López described how Venezuelan judges receive constant pressure, are openly threatened and have their telephones tapped, as strategies to oblige them to take decisions which favor the interests of the government.
The judge maintained that when she declined to follow the instructions from the office of the magistrate of the Criminal Circuit of Caracas, the most important in the country, she was harassed by the National Guard, received threats of dismissal, was warned that her security could not be guaranteed, and suffered a kidnapping attempt of her 11-year-old son.
Explaining the details of her case, such as they were presented before federal officials who analyzed her asylum petition, López narrates her odyssey after challenging the high leaders of chavismoby admitting a complaint presented by the Venezuelan businessman Eligio Cedeño against two officials from the Office of the Public Prosecutor of the Republic.
Cedeño, considered back then as a personal enemy of President Chávez, is currently one of the most prominent political prisoners of the business sector in Venezuela. For two years he has remained under arrest in a high security prison accused of alleged financial crimes, contraband, embezzlement.
His lawyers, however, maintain that his arrest is due to the support he gave to the opposition leader Carlos Ortega, currently under political asylum in Peru.
Judge López says that when she admitted the complaint for false testimony against the two prosecutors, presented by Cedeño, "a war began against me." The prosecutors cited as defendants were Gabriel Estagno and José Gregorio Arreaza, whom Cedeño accused of having lied under oath in the case that the state was pushing against him.
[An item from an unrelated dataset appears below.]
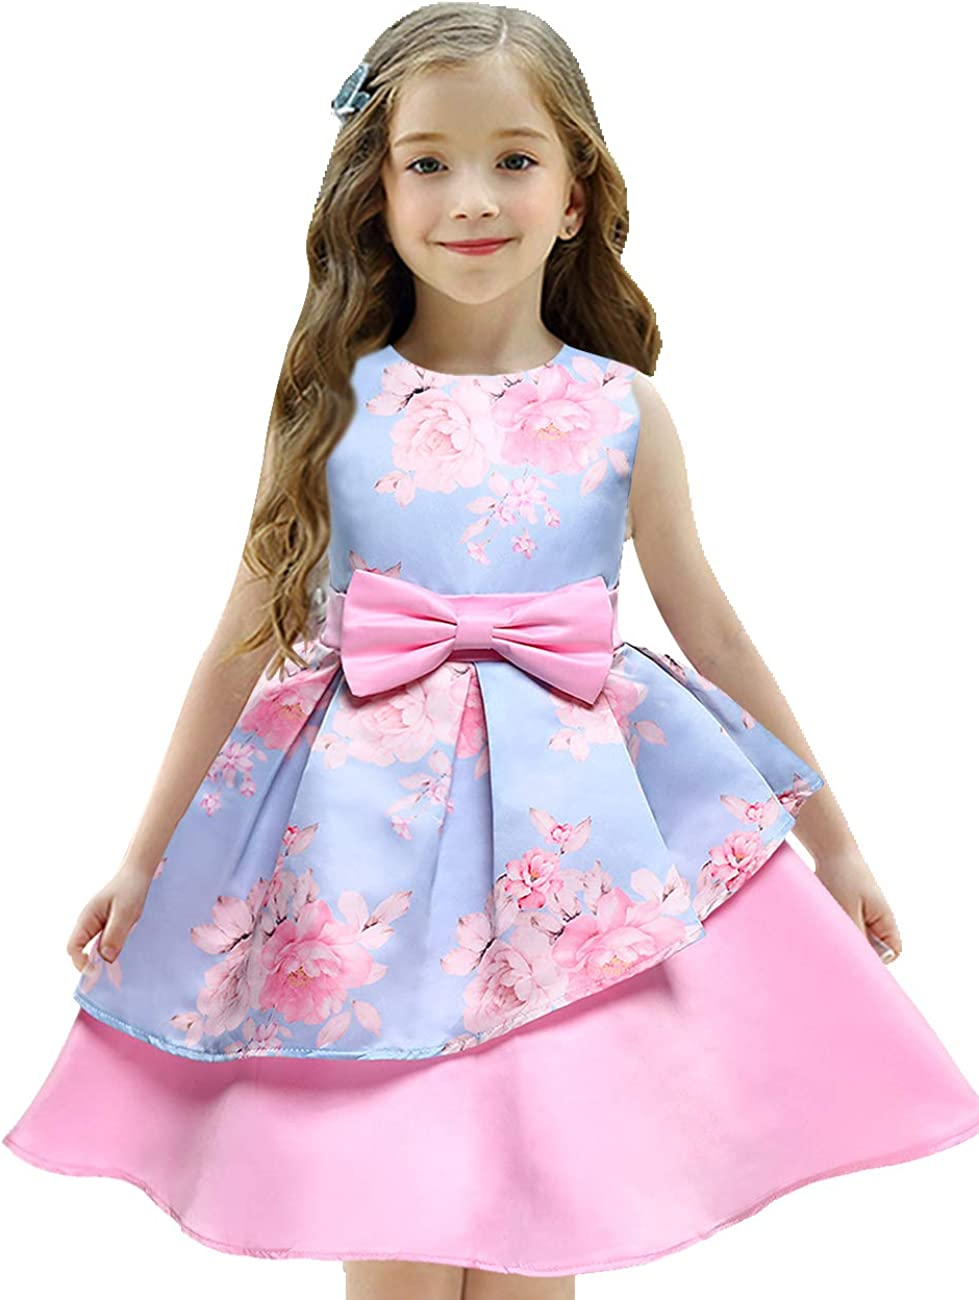 Amazon Com 2020 Girls Dress Christmas Santa Snow Silk Poinsettia Print Toddler Girls Xmas Reindeer Holiday Party Dresses Clothing

López said that during the three days leading up to her decision, she received calls from lawyers and high-ranking officials of the Supreme Court of Justice and Office of the Public Prosecutor, "making me see that this case was to be dealt with as an enemy of the government."
She affirms that a high-ranking judicial official expressly ordered her "to disqualify herself from the case, that I take sick or ask for vacation," so as not to take a decision which would affect the prosecutors accused in the complaint.
The same day that she received the case, a staff member "left me a message that if I wanted to preserve my job and my security, that I should withdraw myself from having to make a decision," she indicated.
A short time afterward, one of the staffers of the prosecutors accused in the complaint, "violently entered my office to warn me that I was going to be removed from office, warning me that I didn't know who I was dealing with."
When she refused to pay attention to the pressures, they obligated her to take a vacation and a court inspector arrived to her office to recuse her and formally remove her from the case.
From the moment she accepted the complaint, the phone threats, the persecution by State security bodies, and the attempt to kidnap her youngest child began, the judge complains.
"Some strangers attempted to pick up my 11-year-old son from the school without authorization, fortunately I arrived in time to avoid the kidnapping," López said in her testimony.
El Nuevo Herald attempted to obtain a version of these complaints from the Public Prosecutor as well as the Supreme Court of Justice of Venezuela, under whose authority the mentioned individuals are, but various emails and telephone messages were left unanswered.
The complaints of Judge Yuri López coincide with indications made public by important independent organizations within and outside of Venezuela.
The Venezuelan Episcopal Conference this week expressed its criticism of "the growing arbitrariness in the administration of justice, in which the people are not treated with the condition of citizens, equal before the law, but rather their ideological affinity or political militancy."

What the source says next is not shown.